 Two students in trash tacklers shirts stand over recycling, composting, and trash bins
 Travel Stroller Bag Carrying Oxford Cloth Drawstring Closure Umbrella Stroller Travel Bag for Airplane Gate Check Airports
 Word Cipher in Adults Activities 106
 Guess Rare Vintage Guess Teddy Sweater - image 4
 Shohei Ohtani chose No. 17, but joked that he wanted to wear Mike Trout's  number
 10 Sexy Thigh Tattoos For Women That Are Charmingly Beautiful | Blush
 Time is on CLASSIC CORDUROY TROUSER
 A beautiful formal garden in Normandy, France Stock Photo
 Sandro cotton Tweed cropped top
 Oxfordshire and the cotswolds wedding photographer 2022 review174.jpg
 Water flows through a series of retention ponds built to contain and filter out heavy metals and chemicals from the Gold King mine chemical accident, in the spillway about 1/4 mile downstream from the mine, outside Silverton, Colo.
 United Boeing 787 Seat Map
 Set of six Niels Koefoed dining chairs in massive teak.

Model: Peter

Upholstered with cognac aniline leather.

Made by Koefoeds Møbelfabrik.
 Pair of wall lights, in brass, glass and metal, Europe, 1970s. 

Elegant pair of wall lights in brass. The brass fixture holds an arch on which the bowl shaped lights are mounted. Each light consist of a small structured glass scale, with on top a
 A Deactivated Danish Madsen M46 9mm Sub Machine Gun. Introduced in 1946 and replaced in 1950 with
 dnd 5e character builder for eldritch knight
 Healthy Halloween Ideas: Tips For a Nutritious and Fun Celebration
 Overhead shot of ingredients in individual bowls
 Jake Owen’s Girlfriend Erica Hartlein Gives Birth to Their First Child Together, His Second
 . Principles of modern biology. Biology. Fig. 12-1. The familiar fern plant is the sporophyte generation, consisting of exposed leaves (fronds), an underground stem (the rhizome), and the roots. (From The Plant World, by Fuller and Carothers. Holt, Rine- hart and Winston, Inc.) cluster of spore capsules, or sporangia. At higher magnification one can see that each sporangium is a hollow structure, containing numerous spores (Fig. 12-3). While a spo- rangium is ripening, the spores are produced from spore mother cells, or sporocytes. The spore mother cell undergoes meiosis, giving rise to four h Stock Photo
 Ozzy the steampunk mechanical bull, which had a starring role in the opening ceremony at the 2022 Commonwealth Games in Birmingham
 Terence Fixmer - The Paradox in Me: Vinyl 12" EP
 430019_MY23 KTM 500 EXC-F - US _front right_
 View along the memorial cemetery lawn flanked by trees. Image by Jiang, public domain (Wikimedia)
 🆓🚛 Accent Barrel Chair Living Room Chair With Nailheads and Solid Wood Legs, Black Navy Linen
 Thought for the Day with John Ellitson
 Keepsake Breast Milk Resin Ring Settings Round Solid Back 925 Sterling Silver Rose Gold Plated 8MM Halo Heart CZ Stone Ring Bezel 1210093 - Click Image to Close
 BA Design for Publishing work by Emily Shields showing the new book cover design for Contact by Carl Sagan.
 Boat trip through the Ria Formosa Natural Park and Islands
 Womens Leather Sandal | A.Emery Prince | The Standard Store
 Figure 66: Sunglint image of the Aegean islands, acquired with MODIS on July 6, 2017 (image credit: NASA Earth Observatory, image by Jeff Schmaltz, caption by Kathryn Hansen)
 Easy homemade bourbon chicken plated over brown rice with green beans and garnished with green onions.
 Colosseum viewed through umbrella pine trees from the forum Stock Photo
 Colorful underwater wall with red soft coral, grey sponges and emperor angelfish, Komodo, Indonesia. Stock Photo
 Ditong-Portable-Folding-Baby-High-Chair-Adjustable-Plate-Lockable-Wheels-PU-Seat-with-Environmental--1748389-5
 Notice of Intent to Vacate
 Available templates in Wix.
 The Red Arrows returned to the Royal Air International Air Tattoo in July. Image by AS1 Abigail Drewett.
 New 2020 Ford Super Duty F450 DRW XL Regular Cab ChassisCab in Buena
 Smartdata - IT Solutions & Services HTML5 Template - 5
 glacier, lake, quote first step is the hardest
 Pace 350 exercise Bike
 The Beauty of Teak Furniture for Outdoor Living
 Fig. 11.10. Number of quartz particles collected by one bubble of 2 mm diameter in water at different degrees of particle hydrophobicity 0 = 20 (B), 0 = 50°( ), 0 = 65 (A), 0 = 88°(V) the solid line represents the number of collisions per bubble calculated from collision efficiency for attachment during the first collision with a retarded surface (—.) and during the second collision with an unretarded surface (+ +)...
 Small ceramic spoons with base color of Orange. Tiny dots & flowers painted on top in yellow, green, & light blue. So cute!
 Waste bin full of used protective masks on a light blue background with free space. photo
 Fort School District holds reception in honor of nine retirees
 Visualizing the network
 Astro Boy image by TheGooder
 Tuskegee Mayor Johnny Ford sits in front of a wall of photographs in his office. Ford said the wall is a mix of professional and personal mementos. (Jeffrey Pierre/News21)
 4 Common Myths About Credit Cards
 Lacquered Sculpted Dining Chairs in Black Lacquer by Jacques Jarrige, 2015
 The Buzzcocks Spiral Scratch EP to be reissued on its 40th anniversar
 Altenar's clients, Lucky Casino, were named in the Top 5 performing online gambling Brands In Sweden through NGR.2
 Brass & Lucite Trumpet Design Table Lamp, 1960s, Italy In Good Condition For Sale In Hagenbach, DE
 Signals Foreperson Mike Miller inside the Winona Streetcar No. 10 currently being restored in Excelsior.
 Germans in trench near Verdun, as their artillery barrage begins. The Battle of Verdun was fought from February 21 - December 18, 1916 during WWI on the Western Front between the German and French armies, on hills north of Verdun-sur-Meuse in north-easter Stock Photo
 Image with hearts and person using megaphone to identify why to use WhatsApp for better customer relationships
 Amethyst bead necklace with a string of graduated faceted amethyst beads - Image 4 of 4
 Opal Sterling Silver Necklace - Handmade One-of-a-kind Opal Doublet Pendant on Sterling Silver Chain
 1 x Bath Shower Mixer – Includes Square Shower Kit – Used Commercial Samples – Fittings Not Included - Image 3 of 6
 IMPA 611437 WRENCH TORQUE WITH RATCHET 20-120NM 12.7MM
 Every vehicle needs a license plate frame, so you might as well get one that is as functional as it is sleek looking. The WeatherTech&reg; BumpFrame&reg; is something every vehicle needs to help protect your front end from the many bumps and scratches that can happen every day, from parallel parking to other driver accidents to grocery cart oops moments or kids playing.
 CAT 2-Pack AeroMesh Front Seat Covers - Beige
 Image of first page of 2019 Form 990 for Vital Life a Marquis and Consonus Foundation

##########

*YOUR ASSIGNMENT*: Copy out the records above exactly and completely.

*RESULT FOR THIS EXERCISE*:
 Two students in trash tacklers shirts stand over recycling, composting, and trash bins
 Travel Stroller Bag Carrying Oxford Cloth Drawstring Closure Umbrella Stroller Travel Bag for Airplane Gate Check Airports
 Word Cipher in Adults Activities 106
 Guess Rare Vintage Guess Teddy Sweater - image 4
 Shohei Ohtani chose No. 17, but joked that he wanted to wear Mike Trout's  number
 10 Sexy Thigh Tattoos For Women That Are Charmingly Beautiful | Blush
 Time is on CLASSIC CORDUROY TROUSER
 A beautiful formal garden in Normandy, France Stock Photo
 Sandro cotton Tweed cropped top
 Oxfordshire and the cotswolds wedding photographer 2022 review174.jpg
 Water flows through a series of retention ponds built to contain and filter out heavy metals and chemicals from the Gold King mine chemical accident, in the spillway about 1/4 mile downstream from the mine, outside Silverton, Colo.
 United Boeing 787 Seat Map
 Set of six Niels Koefoed dining chairs in massive teak.

Model: Peter

Upholstered with cognac aniline leather.

Made by Koefoeds Møbelfabrik.
 Pair of wall lights, in brass, glass and metal, Europe, 1970s. 

Elegant pair of wall lights in brass. The brass fixture holds an arch on which the bowl shaped lights are mounted. Each light consist of a small structured glass scale, with on top a
 A Deactivated Danish Madsen M46 9mm Sub Machine Gun. Introduced in 1946 and replaced in 1950 with
 dnd 5e character builder for eldritch knight
 Healthy Halloween Ideas: Tips For a Nutritious and Fun Celebration
 Overhead shot of ingredients in individual bowls
 Jake Owen’s Girlfriend Erica Hartlein Gives Birth to Their First Child Together, His Second
 . Principles of modern biology. Biology. Fig. 12-1. The familiar fern plant is the sporophyte generation, consisting of exposed leaves (fronds), an underground stem (the rhizome), and the roots. (From The Plant World, by Fuller and Carothers. Holt, Rine- hart and Winston, Inc.) cluster of spore capsules, or sporangia. At higher magnification one can see that each sporangium is a hollow structure, containing numerous spores (Fig. 12-3). While a spo- rangium is ripening, the spores are produced from spore mother cells, or sporocytes. The spore mother cell undergoes meiosis, giving rise to four h Stock Photo
 Ozzy the steampunk mechanical bull, which had a starring role in the opening ceremony at the 2022 Commonwealth Games in Birmingham
 Terence Fixmer - The Paradox in Me: Vinyl 12" EP
 430019_MY23 KTM 500 EXC-F - US _front right_
 View along the memorial cemetery lawn flanked by trees. Image by Jiang, public domain (Wikimedia)
 🆓🚛 Accent Barrel Chair Living Room Chair With Nailheads and Solid Wood Legs, Black Navy Linen
 Thought for the Day with John Ellitson
 Keepsake Breast Milk Resin Ring Settings Round Solid Back 925 Sterling Silver Rose Gold Plated 8MM Halo Heart CZ Stone Ring Bezel 1210093 - Click Image to Close
 BA Design for Publishing work by Emily Shields showing the new book cover design for Contact by Carl Sagan.
 Boat trip through the Ria Formosa Natural Park and Islands
 Womens Leather Sandal | A.Emery Prince | The Standard Store
 Figure 66: Sunglint image of the Aegean islands, acquired with MODIS on July 6, 2017 (image credit: NASA Earth Observatory, image by Jeff Schmaltz, caption by Kathryn Hansen)
 Easy homemade bourbon chicken plated over brown rice with green beans and garnished with green onions.
 Colosseum viewed through umbrella pine trees from the forum Stock Photo
 Colorful underwater wall with red soft coral, grey sponges and emperor angelfish, Komodo, Indonesia. Stock Photo
 Ditong-Portable-Folding-Baby-High-Chair-Adjustable-Plate-Lockable-Wheels-PU-Seat-with-Environmental--1748389-5
 Notice of Intent to Vacate
 Available templates in Wix.
 The Red Arrows returned to the Royal Air International Air Tattoo in July. Image by AS1 Abigail Drewett.
 New 2020 Ford Super Duty F450 DRW XL Regular Cab ChassisCab in Buena
 Smartdata - IT Solutions & Services HTML5 Template - 5
 glacier, lake, quote first step is the hardest
 Pace 350 exercise Bike
 The Beauty of Teak Furniture for Outdoor Living
 Fig. 11.10. Number of quartz particles collected by one bubble of 2 mm diameter in water at different degrees of particle hydrophobicity 0 = 20 (B), 0 = 50°( ), 0 = 65 (A), 0 = 88°(V) the solid line represents the number of collisions per bubble calculated from collision efficiency for attachment during the first collision with a retarded surface (—.) and during the second collision with an unretarded surface (+ +)...
 Small ceramic spoons with base color of Orange. Tiny dots & flowers painted on top in yellow, green, & light blue. So cute!
 Waste bin full of used protective masks on a light blue background with free space. photo
 Fort School District holds reception in honor of nine retirees
 Visualizing the network
 Astro Boy image by TheGooder
 Tuskegee Mayor Johnny Ford sits in front of a wall of photographs in his office. Ford said the wall is a mix of professional and personal mementos. (Jeffrey Pierre/News21)
 4 Common Myths About Credit Cards
 Lacquered Sculpted Dining Chairs in Black Lacquer by Jacques Jarrige, 2015
 The Buzzcocks Spiral Scratch EP to be reissued on its 40th anniversar
 Altenar's clients, Lucky Casino, were named in the Top 5 performing online gambling Brands In Sweden through NGR.2
 Brass & Lucite Trumpet Design Table Lamp, 1960s, Italy In Good Condition For Sale In Hagenbach, DE
 Signals Foreperson Mike Miller inside the Winona Streetcar No. 10 currently being restored in Excelsior.
 Germans in trench near Verdun, as their artillery barrage begins. The Battle of Verdun was fought from February 21 - December 18, 1916 during WWI on the Western Front between the German and French armies, on hills north of Verdun-sur-Meuse in north-easter Stock Photo
 Image with hearts and person using megaphone to identify why to use WhatsApp for better customer relationships
 Amethyst bead necklace with a string of graduated faceted amethyst beads - Image 4 of 4
 Opal Sterling Silver Necklace - Handmade One-of-a-kind Opal Doublet Pendant on Sterling Silver Chain
 1 x Bath Shower Mixer – Includes Square Shower Kit – Used Commercial Samples – Fittings Not Included - Image 3 of 6
 IMPA 611437 WRENCH TORQUE WITH RATCHET 20-120NM 12.7MM
 Every vehicle needs a license plate frame, so you might as well get one that is as functional as it is sleek looking. The WeatherTech&reg; BumpFrame&reg; is something every vehicle needs to help protect your front end from the many bumps and scratches that can happen every day, from parallel parking to other driver accidents to grocery cart oops moments or kids playing.
 CAT 2-Pack AeroMesh Front Seat Covers - Beige
 Image of first page of 2019 Form 990 for Vital Life a Marquis and Consonus Foundation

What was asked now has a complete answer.